TASK ITEM: Pick out each line in these entries that contains the string "Hotel".

▬▬▬▬▬▬▬▬▬▬

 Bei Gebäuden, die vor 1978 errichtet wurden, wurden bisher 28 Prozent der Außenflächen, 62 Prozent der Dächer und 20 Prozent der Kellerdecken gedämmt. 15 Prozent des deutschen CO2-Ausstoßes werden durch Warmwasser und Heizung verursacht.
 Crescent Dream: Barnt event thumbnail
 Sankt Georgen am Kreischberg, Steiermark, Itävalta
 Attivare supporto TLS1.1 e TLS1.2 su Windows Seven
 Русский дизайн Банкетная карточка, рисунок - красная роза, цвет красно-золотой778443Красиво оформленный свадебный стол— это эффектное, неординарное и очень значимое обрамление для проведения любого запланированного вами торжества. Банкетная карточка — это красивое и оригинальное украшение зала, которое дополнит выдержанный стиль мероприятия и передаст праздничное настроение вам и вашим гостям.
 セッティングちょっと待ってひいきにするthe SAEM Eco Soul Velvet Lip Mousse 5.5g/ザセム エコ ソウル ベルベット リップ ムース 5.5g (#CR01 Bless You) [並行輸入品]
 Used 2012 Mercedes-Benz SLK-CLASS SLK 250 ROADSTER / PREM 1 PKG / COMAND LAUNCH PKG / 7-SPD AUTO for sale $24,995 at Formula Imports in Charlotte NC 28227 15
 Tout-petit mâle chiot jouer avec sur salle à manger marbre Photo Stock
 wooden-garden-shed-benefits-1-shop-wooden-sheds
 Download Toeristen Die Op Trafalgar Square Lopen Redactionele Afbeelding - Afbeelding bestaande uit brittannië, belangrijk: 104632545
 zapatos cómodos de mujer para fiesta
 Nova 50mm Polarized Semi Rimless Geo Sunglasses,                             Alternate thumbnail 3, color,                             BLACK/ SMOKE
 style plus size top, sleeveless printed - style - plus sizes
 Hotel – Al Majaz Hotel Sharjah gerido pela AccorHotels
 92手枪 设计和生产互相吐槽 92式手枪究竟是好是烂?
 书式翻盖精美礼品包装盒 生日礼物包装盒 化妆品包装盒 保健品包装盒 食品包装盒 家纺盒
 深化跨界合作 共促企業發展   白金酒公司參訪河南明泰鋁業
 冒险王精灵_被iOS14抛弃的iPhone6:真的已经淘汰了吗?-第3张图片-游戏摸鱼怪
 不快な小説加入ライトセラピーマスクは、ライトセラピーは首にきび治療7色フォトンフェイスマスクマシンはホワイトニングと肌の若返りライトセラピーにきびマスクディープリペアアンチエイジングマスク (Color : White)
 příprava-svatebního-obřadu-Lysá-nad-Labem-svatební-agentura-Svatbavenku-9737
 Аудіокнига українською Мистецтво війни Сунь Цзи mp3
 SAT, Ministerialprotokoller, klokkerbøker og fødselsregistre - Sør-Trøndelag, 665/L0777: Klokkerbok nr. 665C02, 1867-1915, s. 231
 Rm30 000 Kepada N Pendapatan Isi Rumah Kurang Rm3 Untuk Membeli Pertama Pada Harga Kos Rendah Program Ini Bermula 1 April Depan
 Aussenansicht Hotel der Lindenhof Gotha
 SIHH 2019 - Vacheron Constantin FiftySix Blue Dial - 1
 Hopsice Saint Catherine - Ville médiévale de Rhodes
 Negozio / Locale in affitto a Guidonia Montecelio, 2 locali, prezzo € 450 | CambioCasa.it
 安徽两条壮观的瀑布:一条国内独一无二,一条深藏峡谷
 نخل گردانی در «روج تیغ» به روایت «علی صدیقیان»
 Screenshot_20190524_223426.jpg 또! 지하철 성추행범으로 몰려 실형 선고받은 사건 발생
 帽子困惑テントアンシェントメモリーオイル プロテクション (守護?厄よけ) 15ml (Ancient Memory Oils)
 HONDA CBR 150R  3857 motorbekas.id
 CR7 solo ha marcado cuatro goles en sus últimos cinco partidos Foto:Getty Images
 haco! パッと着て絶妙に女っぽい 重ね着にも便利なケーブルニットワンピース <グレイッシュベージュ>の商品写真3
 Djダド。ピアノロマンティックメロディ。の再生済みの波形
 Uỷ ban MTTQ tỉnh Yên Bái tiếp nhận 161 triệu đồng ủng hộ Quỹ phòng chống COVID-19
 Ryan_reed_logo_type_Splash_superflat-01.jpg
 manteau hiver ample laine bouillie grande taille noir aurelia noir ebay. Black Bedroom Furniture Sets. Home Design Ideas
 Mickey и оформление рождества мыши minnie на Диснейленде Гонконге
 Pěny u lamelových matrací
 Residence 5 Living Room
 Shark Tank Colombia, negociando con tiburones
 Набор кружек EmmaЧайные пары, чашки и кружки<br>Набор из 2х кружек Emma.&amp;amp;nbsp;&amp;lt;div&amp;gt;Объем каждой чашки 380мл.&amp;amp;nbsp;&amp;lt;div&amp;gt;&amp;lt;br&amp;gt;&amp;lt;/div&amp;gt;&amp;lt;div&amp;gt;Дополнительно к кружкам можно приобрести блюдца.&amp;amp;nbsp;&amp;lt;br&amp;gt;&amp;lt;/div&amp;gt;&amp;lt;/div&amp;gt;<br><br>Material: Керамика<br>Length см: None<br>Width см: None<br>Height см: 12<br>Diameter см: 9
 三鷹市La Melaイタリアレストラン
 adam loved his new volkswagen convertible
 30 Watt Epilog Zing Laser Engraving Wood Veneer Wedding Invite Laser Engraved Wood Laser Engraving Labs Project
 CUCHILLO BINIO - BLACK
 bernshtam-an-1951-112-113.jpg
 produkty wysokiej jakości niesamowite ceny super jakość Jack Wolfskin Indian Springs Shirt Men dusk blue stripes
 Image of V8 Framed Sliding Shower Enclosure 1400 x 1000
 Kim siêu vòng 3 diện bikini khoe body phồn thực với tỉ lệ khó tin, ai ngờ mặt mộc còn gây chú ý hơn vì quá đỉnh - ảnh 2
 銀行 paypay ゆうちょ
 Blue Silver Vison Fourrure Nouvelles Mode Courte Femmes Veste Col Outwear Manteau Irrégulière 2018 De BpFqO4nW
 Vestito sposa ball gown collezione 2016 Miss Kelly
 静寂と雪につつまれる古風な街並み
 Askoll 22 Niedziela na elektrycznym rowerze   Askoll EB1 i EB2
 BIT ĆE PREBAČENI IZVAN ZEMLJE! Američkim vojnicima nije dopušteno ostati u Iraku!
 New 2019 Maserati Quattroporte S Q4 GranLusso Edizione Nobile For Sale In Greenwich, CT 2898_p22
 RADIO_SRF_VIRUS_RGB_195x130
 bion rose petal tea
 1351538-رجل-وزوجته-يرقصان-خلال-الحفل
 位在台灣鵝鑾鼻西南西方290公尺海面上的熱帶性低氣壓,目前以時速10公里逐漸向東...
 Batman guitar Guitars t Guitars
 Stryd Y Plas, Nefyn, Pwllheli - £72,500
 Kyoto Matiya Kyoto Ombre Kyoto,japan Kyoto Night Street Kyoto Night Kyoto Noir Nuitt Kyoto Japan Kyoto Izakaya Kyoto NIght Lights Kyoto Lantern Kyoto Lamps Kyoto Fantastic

▬▬▬▬▬▬▬▬▬▬

RESPONSE TO THE TASK:
 Hotel – Al Majaz Hotel Sharjah gerido pela AccorHotels
 Aussenansicht Hotel der Lindenhof Gotha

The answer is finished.